- DIRECTIONS -
Please copy the data below exactly; none of the pictures in it belong in the copy.

- STORED DATA -
###
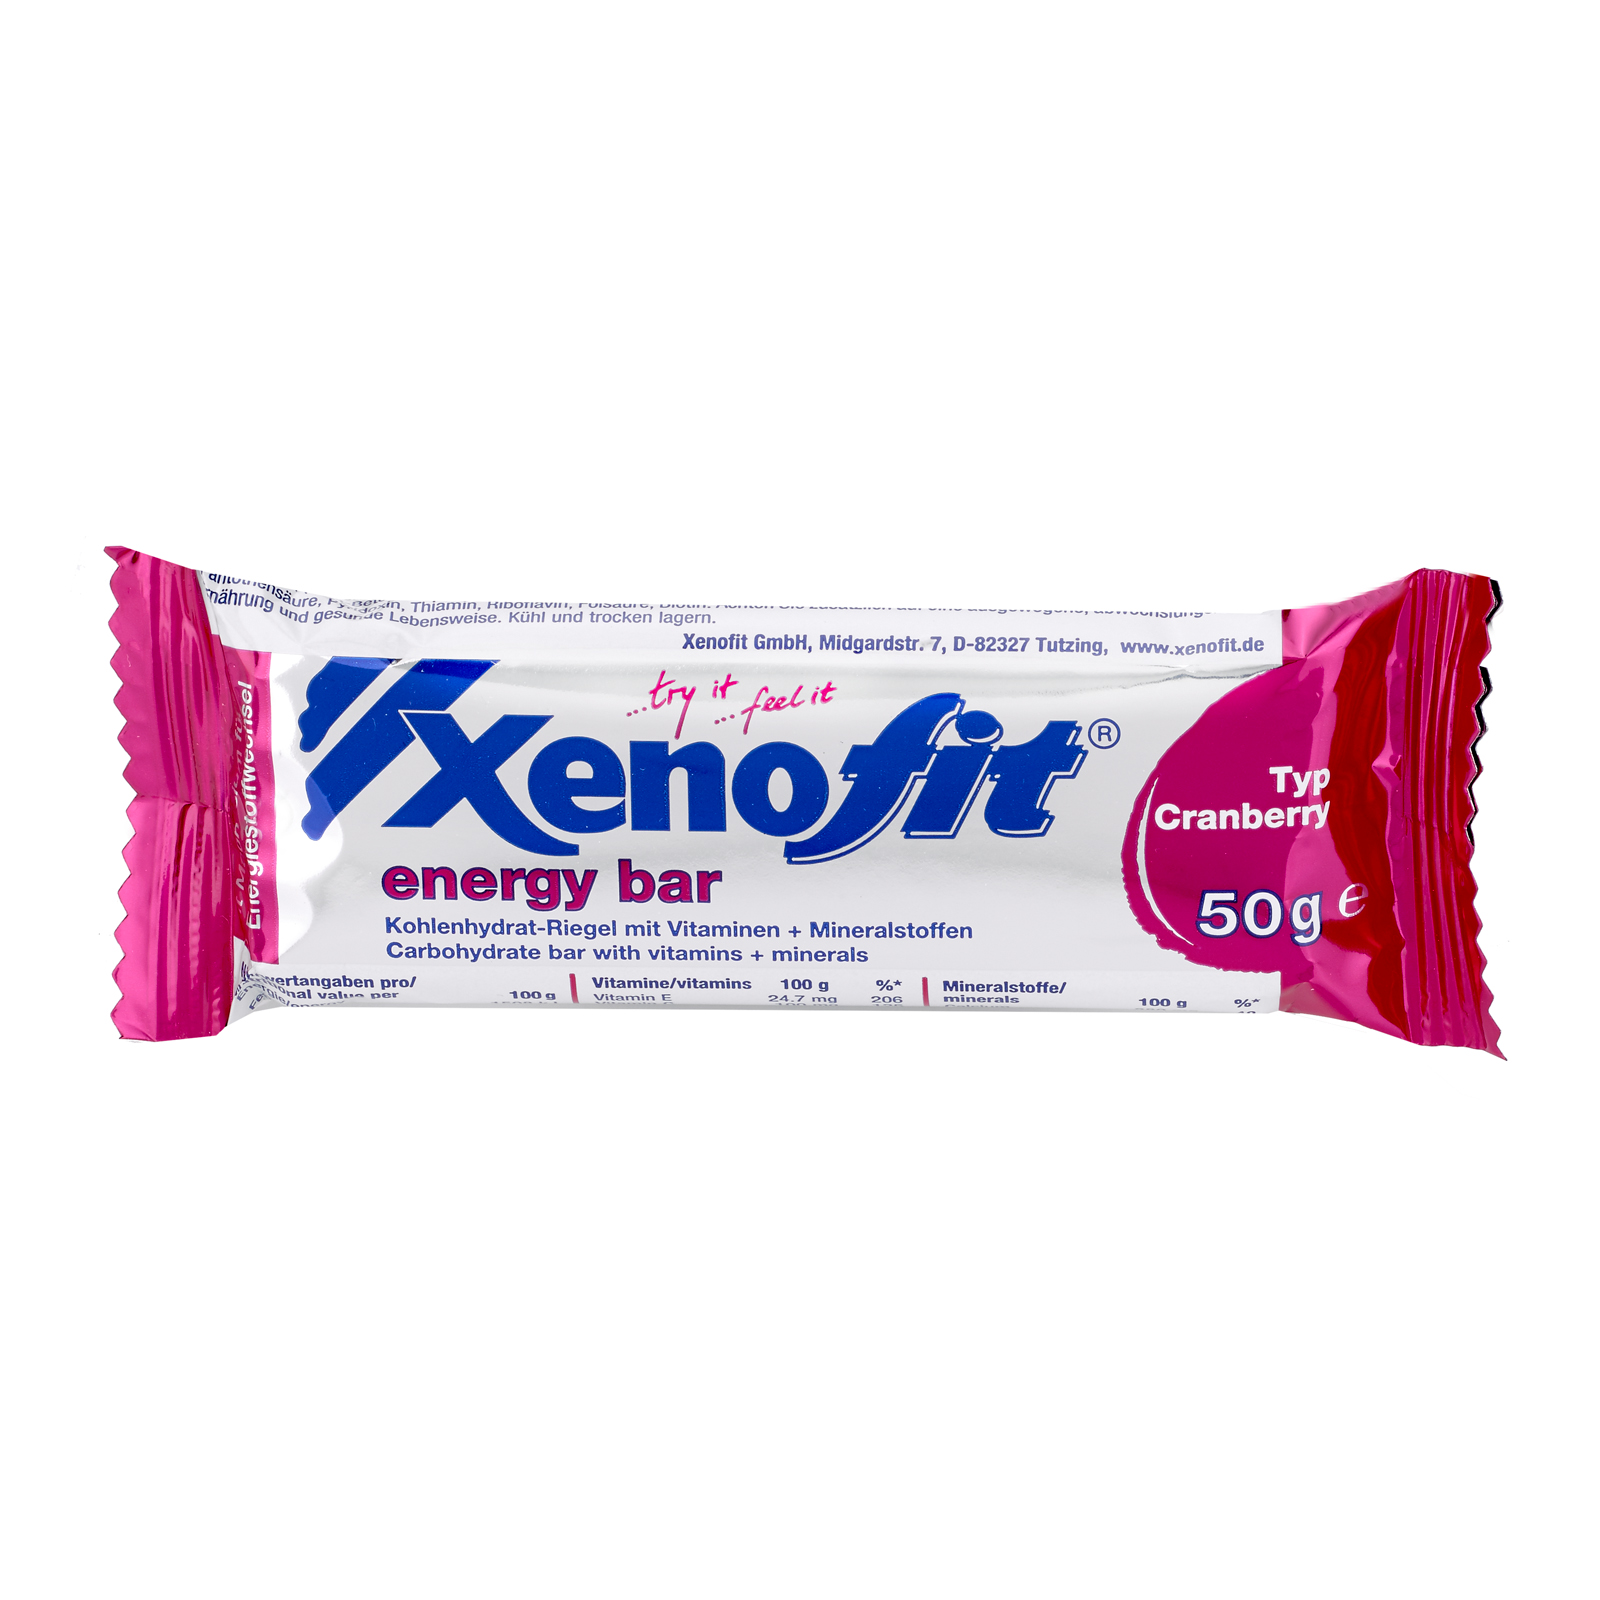 Xenofit_energy_bar_Cra
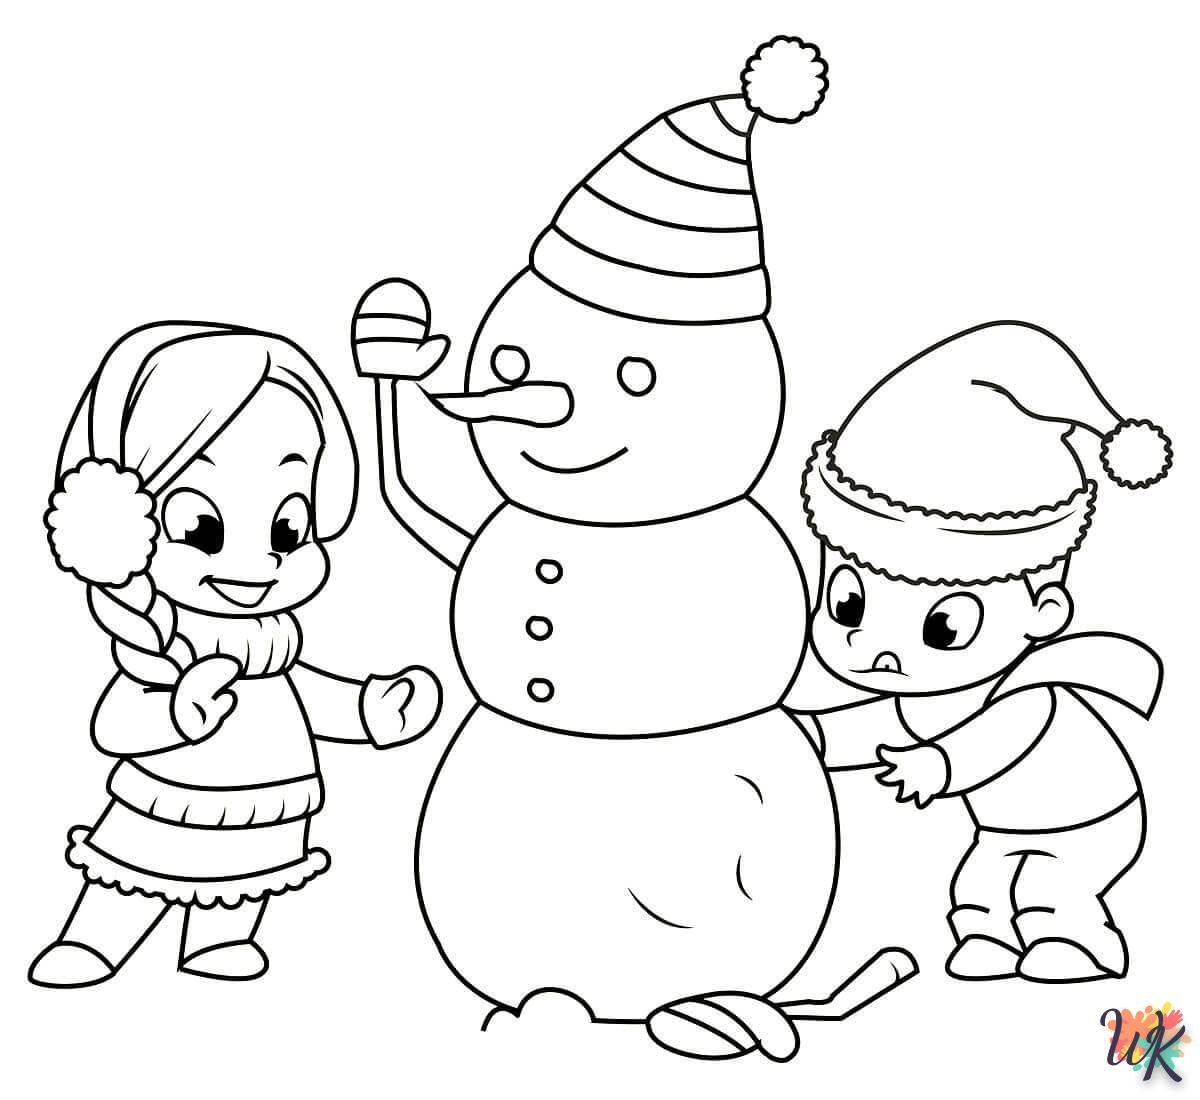 Dibujos para Colorear Muneco de nieve 38
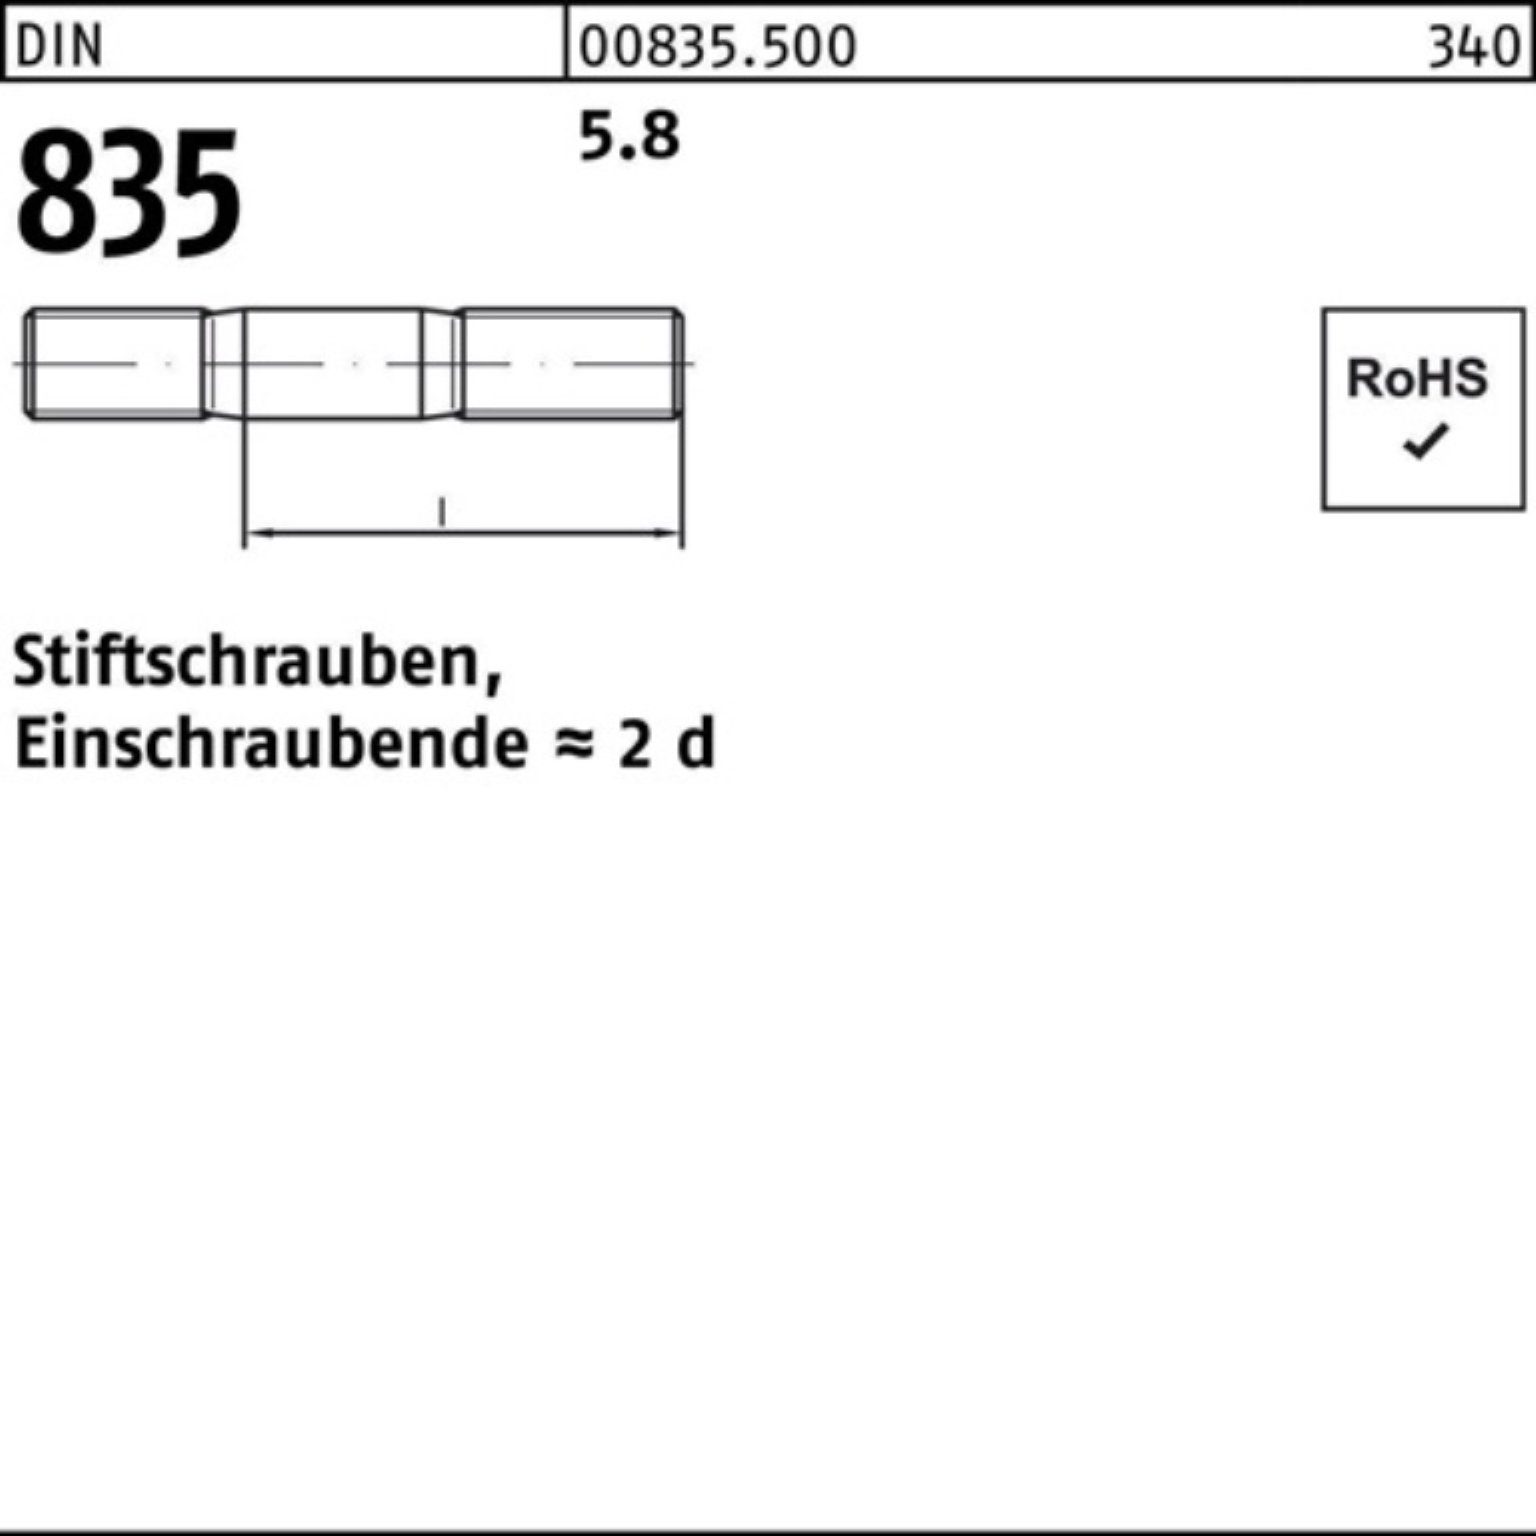 Reyher Stiftschraube 100er St Stiftschraube M10x 5.8 100 50 Einschraubende=2d 835 DIN Pack
###
- RESPONSE AREA -
 Xenofit_energy_bar_Cra
 Dibujos para Colorear Muneco de nieve 38
 Reyher Stiftschraube 100er St Stiftschraube M10x 5.8 100 50 Einschraubende=2d 835 DIN Pack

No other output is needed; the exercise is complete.